TASK REQUIREMENTS
Copy the material below verbatim from the line with "A Day in the Life of An Alien Traveler" to the line with "Antique Scandinavian Bathers", both lines included, omitting pictures and every line outside that range.

EXCERPTED RECORDS
^^^^^^^^
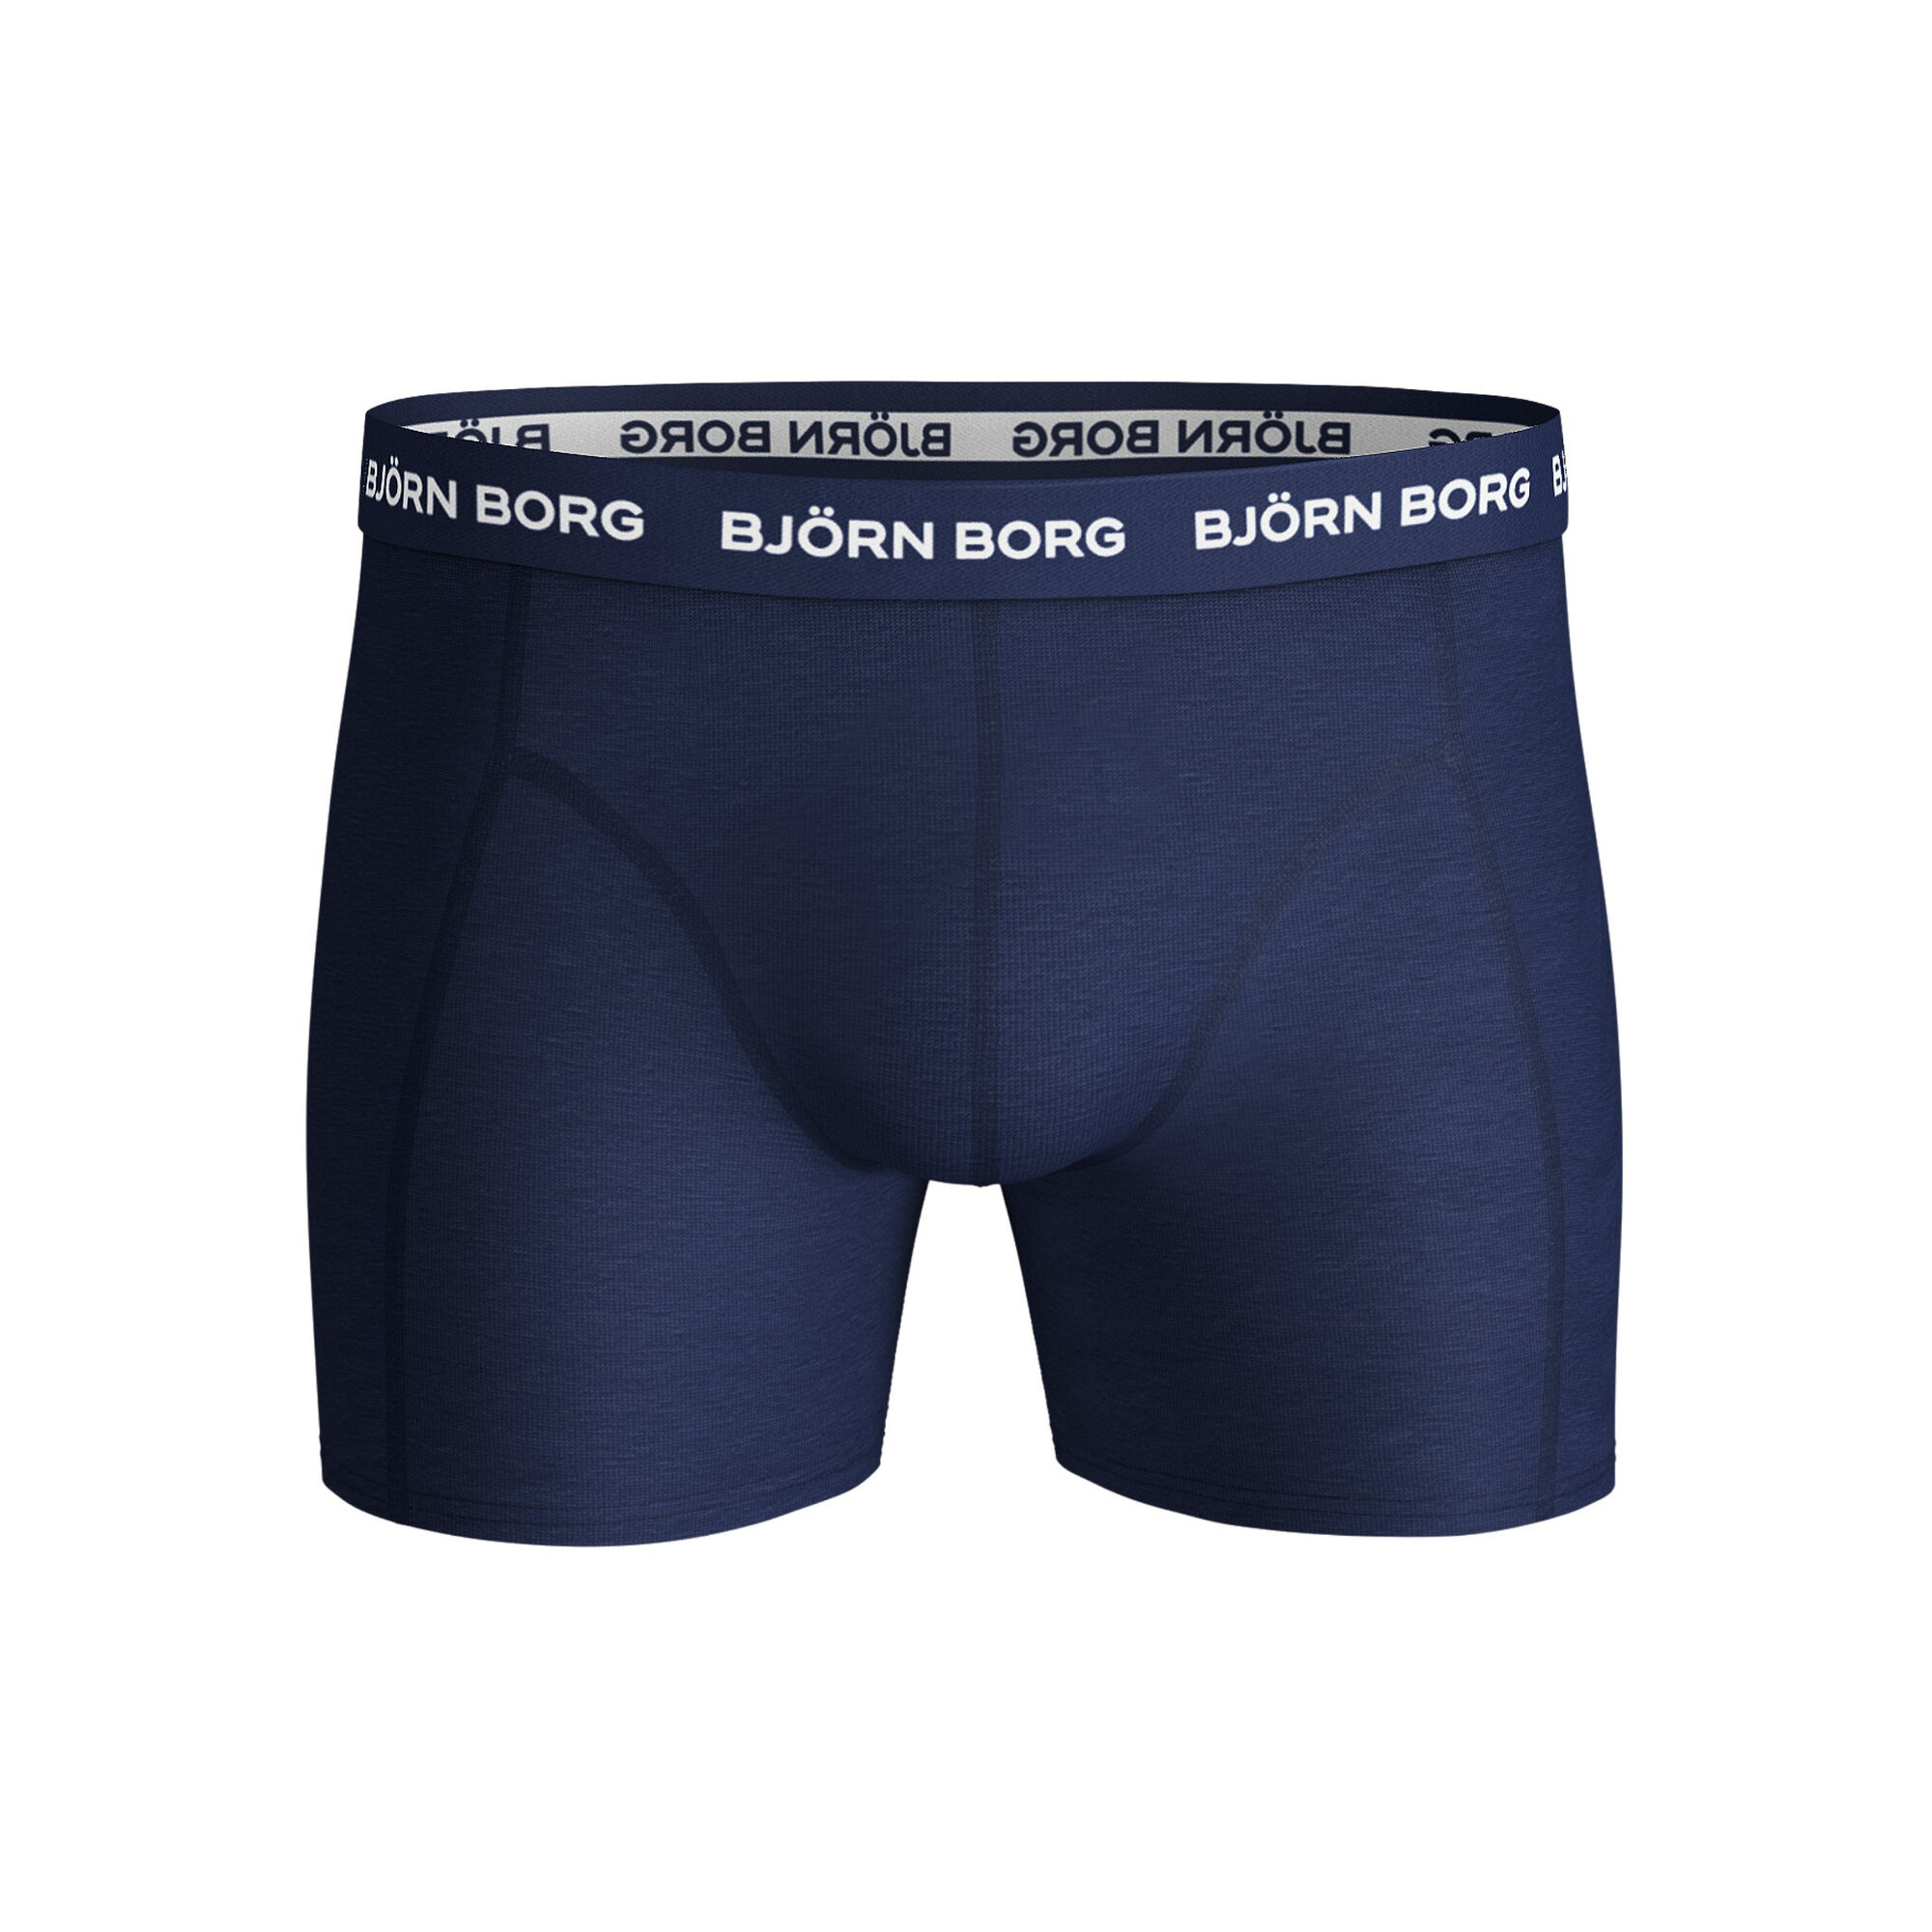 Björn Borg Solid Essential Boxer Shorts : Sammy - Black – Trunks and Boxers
^^^^^^^^
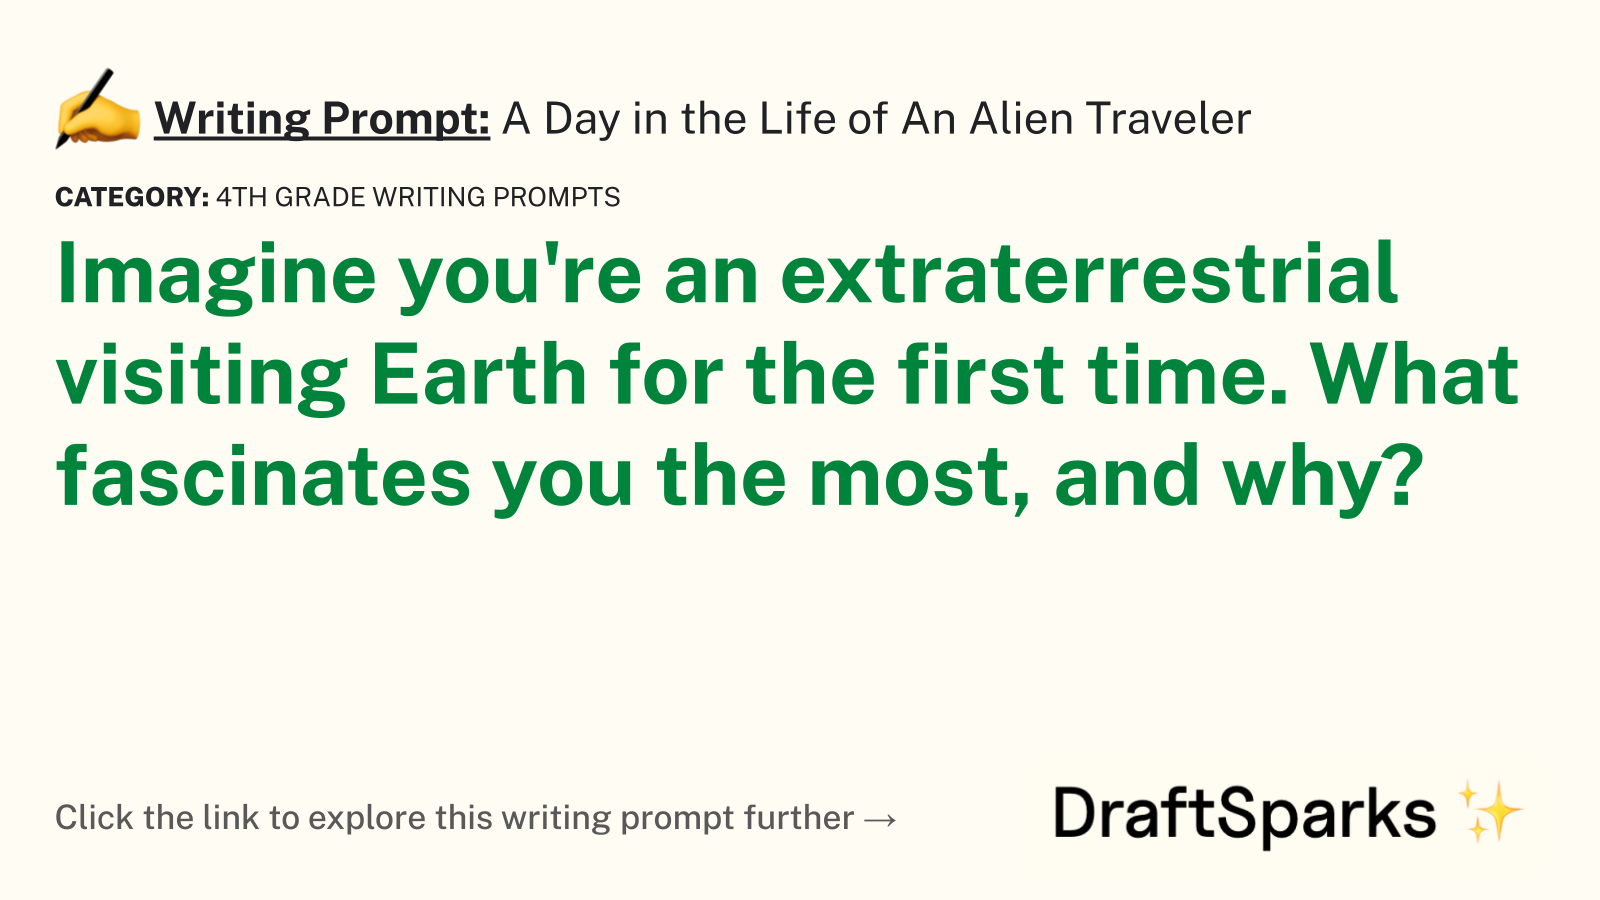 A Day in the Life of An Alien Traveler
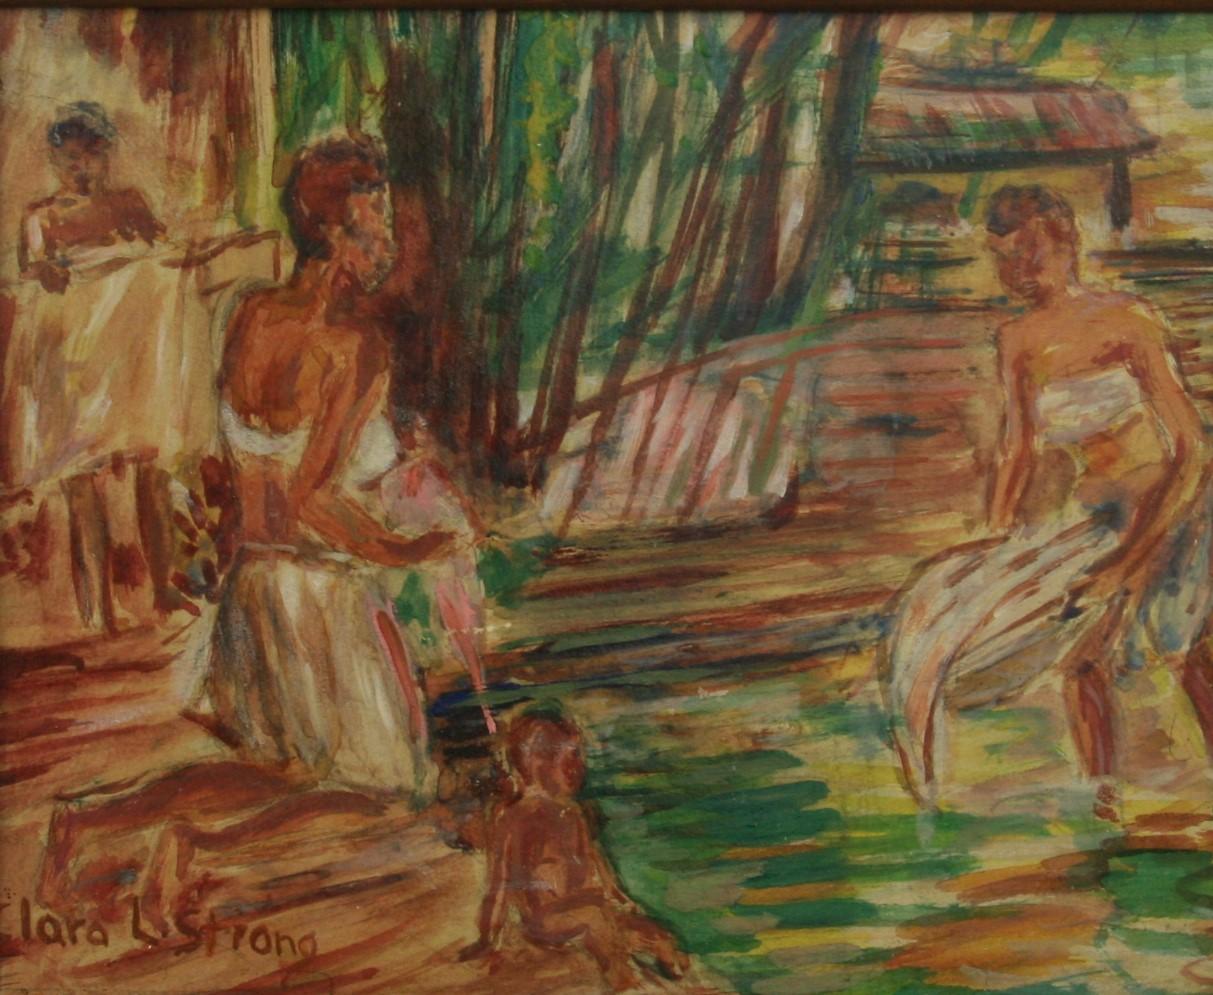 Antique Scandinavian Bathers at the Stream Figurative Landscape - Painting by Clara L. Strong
^^^^^^^^
YOUR SOLUTION
 A Day in the Life of An Alien Traveler
 Antique Scandinavian Bathers at the Stream Figurative Landscape - Painting by Clara L. Strong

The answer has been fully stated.